(Dataset excerpts)
------------------------------------

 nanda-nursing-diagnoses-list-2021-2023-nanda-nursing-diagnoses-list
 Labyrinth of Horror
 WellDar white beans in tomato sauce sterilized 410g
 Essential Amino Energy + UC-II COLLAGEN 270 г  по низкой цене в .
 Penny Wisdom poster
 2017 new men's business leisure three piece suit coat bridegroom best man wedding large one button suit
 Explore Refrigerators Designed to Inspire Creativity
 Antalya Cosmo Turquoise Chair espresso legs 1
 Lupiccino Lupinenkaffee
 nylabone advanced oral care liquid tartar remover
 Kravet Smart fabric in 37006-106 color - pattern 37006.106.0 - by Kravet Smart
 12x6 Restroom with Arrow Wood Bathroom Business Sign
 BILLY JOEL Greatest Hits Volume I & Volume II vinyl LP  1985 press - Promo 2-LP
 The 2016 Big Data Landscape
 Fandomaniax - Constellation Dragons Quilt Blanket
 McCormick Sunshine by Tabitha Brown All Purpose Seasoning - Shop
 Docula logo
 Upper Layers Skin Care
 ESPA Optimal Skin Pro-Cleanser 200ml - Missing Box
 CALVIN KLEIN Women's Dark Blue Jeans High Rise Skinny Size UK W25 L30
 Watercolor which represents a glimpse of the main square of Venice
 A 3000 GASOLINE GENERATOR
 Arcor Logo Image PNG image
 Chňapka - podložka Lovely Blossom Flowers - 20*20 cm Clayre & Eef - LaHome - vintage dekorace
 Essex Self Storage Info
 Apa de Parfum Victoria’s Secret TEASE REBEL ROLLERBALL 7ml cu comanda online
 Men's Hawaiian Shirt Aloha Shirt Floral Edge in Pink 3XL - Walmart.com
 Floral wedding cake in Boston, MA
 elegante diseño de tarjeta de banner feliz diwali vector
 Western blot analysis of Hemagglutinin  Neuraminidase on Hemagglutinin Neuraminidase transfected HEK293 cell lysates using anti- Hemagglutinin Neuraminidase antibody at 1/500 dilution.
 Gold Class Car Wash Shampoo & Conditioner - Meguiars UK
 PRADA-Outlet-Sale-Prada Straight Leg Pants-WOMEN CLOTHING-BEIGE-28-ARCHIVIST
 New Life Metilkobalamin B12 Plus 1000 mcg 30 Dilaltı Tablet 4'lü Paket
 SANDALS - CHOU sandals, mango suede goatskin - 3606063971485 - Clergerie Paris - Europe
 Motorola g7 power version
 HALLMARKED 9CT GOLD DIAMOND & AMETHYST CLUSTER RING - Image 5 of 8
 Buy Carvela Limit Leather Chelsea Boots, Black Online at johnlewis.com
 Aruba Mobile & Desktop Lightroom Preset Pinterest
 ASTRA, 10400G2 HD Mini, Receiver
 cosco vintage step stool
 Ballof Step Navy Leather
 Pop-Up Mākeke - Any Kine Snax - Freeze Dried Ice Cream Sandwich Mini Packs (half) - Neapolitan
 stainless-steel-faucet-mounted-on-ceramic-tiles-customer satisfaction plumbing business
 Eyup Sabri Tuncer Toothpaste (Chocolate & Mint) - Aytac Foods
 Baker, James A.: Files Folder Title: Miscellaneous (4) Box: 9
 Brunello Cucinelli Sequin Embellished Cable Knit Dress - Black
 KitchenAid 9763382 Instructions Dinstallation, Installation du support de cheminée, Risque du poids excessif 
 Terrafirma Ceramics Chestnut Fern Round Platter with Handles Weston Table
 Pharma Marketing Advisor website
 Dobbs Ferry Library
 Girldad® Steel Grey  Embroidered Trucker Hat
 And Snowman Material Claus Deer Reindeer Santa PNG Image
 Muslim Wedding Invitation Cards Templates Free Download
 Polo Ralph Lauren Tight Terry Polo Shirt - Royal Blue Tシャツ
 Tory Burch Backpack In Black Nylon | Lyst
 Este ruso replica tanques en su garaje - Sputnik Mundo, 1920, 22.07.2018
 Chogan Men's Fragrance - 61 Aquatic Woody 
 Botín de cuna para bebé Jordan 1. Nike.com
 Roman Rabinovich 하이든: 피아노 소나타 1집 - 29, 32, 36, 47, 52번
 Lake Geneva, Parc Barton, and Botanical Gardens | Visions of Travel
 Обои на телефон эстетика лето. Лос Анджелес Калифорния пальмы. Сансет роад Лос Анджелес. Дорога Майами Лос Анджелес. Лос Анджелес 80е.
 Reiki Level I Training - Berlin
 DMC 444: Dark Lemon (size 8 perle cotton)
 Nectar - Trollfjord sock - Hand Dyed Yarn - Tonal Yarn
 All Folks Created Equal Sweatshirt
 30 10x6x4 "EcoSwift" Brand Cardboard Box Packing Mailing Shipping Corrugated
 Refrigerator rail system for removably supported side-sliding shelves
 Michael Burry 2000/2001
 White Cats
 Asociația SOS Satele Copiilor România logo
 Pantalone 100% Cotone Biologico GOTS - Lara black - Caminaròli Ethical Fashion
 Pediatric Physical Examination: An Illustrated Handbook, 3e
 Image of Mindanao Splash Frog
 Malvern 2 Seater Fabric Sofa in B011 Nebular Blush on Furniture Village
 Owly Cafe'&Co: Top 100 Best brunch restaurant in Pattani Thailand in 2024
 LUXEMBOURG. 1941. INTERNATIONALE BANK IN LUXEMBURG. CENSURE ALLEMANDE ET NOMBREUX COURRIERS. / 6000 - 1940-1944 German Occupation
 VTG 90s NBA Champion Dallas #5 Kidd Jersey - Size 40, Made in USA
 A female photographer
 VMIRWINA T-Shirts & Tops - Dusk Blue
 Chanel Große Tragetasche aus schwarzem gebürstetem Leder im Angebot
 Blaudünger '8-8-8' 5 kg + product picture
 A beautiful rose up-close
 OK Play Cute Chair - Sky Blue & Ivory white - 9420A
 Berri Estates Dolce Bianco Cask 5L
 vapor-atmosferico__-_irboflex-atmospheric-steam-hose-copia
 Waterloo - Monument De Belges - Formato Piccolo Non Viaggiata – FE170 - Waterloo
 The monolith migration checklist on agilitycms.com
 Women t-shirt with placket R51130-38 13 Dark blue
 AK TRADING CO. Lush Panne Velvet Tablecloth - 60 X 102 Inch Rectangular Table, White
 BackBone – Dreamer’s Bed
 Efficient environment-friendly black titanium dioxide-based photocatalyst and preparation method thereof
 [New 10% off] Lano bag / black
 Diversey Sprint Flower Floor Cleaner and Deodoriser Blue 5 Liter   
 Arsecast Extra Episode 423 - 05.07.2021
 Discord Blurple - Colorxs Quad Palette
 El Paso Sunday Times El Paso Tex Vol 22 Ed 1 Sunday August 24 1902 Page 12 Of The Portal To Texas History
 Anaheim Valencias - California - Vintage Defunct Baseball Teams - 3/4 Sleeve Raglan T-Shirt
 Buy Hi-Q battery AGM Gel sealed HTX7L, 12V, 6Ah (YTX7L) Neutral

------------------------------------

▶ [TASK PROMPT] Print each line above exactly as it stands.

▶ [RESPONSE TO THE EXERCISE]
 nanda-nursing-diagnoses-list-2021-2023-nanda-nursing-diagnoses-list
 Labyrinth of Horror
 WellDar white beans in tomato sauce sterilized 410g
 Essential Amino Energy + UC-II COLLAGEN 270 г  по низкой цене в .
 Penny Wisdom poster
 2017 new men's business leisure three piece suit coat bridegroom best man wedding large one button suit
 Explore Refrigerators Designed to Inspire Creativity
 Antalya Cosmo Turquoise Chair espresso legs 1
 Lupiccino Lupinenkaffee
 nylabone advanced oral care liquid tartar remover
 Kravet Smart fabric in 37006-106 color - pattern 37006.106.0 - by Kravet Smart
 12x6 Restroom with Arrow Wood Bathroom Business Sign
 BILLY JOEL Greatest Hits Volume I & Volume II vinyl LP  1985 press - Promo 2-LP
 The 2016 Big Data Landscape
 Fandomaniax - Constellation Dragons Quilt Blanket
 McCormick Sunshine by Tabitha Brown All Purpose Seasoning - Shop
 Docula logo
 Upper Layers Skin Care
 ESPA Optimal Skin Pro-Cleanser 200ml - Missing Box
 CALVIN KLEIN Women's Dark Blue Jeans High Rise Skinny Size UK W25 L30
 Watercolor which represents a glimpse of the main square of Venice
 A 3000 GASOLINE GENERATOR
 Arcor Logo Image PNG image
 Chňapka - podložka Lovely Blossom Flowers - 20*20 cm Clayre & Eef - LaHome - vintage dekorace
 Essex Self Storage Info
 Apa de Parfum Victoria’s Secret TEASE REBEL ROLLERBALL 7ml cu comanda online
 Men's Hawaiian Shirt Aloha Shirt Floral Edge in Pink 3XL - Walmart.com
 Floral wedding cake in Boston, MA
 elegante diseño de tarjeta de banner feliz diwali vector
 Western blot analysis of Hemagglutinin  Neuraminidase on Hemagglutinin Neuraminidase transfected HEK293 cell lysates using anti- Hemagglutinin Neuraminidase antibody at 1/500 dilution.
 Gold Class Car Wash Shampoo & Conditioner - Meguiars UK
 PRADA-Outlet-Sale-Prada Straight Leg Pants-WOMEN CLOTHING-BEIGE-28-ARCHIVIST
 New Life Metilkobalamin B12 Plus 1000 mcg 30 Dilaltı Tablet 4'lü Paket
 SANDALS - CHOU sandals, mango suede goatskin - 3606063971485 - Clergerie Paris - Europe
 Motorola g7 power version
 HALLMARKED 9CT GOLD DIAMOND & AMETHYST CLUSTER RING - Image 5 of 8
 Buy Carvela Limit Leather Chelsea Boots, Black Online at johnlewis.com
 Aruba Mobile & Desktop Lightroom Preset Pinterest
 ASTRA, 10400G2 HD Mini, Receiver
 cosco vintage step stool
 Ballof Step Navy Leather
 Pop-Up Mākeke - Any Kine Snax - Freeze Dried Ice Cream Sandwich Mini Packs (half) - Neapolitan
 stainless-steel-faucet-mounted-on-ceramic-tiles-customer satisfaction plumbing business
 Eyup Sabri Tuncer Toothpaste (Chocolate & Mint) - Aytac Foods
 Baker, James A.: Files Folder Title: Miscellaneous (4) Box: 9
 Brunello Cucinelli Sequin Embellished Cable Knit Dress - Black
 KitchenAid 9763382 Instructions Dinstallation, Installation du support de cheminée, Risque du poids excessif 
 Terrafirma Ceramics Chestnut Fern Round Platter with Handles Weston Table
 Pharma Marketing Advisor website
 Dobbs Ferry Library
 Girldad® Steel Grey  Embroidered Trucker Hat
 And Snowman Material Claus Deer Reindeer Santa PNG Image
 Muslim Wedding Invitation Cards Templates Free Download
 Polo Ralph Lauren Tight Terry Polo Shirt - Royal Blue Tシャツ
 Tory Burch Backpack In Black Nylon | Lyst
 Este ruso replica tanques en su garaje - Sputnik Mundo, 1920, 22.07.2018
 Chogan Men's Fragrance - 61 Aquatic Woody 
 Botín de cuna para bebé Jordan 1. Nike.com
 Roman Rabinovich 하이든: 피아노 소나타 1집 - 29, 32, 36, 47, 52번
 Lake Geneva, Parc Barton, and Botanical Gardens | Visions of Travel
 Обои на телефон эстетика лето. Лос Анджелес Калифорния пальмы. Сансет роад Лос Анджелес. Дорога Майами Лос Анджелес. Лос Анджелес 80е.
 Reiki Level I Training - Berlin
 DMC 444: Dark Lemon (size 8 perle cotton)
 Nectar - Trollfjord sock - Hand Dyed Yarn - Tonal Yarn
 All Folks Created Equal Sweatshirt
 30 10x6x4 "EcoSwift" Brand Cardboard Box Packing Mailing Shipping Corrugated
 Refrigerator rail system for removably supported side-sliding shelves
 Michael Burry 2000/2001
 White Cats
 Asociația SOS Satele Copiilor România logo
 Pantalone 100% Cotone Biologico GOTS - Lara black - Caminaròli Ethical Fashion
 Pediatric Physical Examination: An Illustrated Handbook, 3e
 Image of Mindanao Splash Frog
 Malvern 2 Seater Fabric Sofa in B011 Nebular Blush on Furniture Village
 Owly Cafe'&Co: Top 100 Best brunch restaurant in Pattani Thailand in 2024
 LUXEMBOURG. 1941. INTERNATIONALE BANK IN LUXEMBURG. CENSURE ALLEMANDE ET NOMBREUX COURRIERS. / 6000 - 1940-1944 German Occupation
 VTG 90s NBA Champion Dallas #5 Kidd Jersey - Size 40, Made in USA
 A female photographer
 VMIRWINA T-Shirts & Tops - Dusk Blue
 Chanel Große Tragetasche aus schwarzem gebürstetem Leder im Angebot
 Blaudünger '8-8-8' 5 kg + product picture
 A beautiful rose up-close
 OK Play Cute Chair - Sky Blue & Ivory white - 9420A
 Berri Estates Dolce Bianco Cask 5L
 vapor-atmosferico__-_irboflex-atmospheric-steam-hose-copia
 Waterloo - Monument De Belges - Formato Piccolo Non Viaggiata – FE170 - Waterloo
 The monolith migration checklist on agilitycms.com
 Women t-shirt with placket R51130-38 13 Dark blue
 AK TRADING CO. Lush Panne Velvet Tablecloth - 60 X 102 Inch Rectangular Table, White
 BackBone – Dreamer’s Bed
 Efficient environment-friendly black titanium dioxide-based photocatalyst and preparation method thereof
 [New 10% off] Lano bag / black
 Diversey Sprint Flower Floor Cleaner and Deodoriser Blue 5 Liter   
 Arsecast Extra Episode 423 - 05.07.2021
 Discord Blurple - Colorxs Quad Palette
 El Paso Sunday Times El Paso Tex Vol 22 Ed 1 Sunday August 24 1902 Page 12 Of The Portal To Texas History
 Anaheim Valencias - California - Vintage Defunct Baseball Teams - 3/4 Sleeve Raglan T-Shirt
 Buy Hi-Q battery AGM Gel sealed HTX7L, 12V, 6Ah (YTX7L) Neutral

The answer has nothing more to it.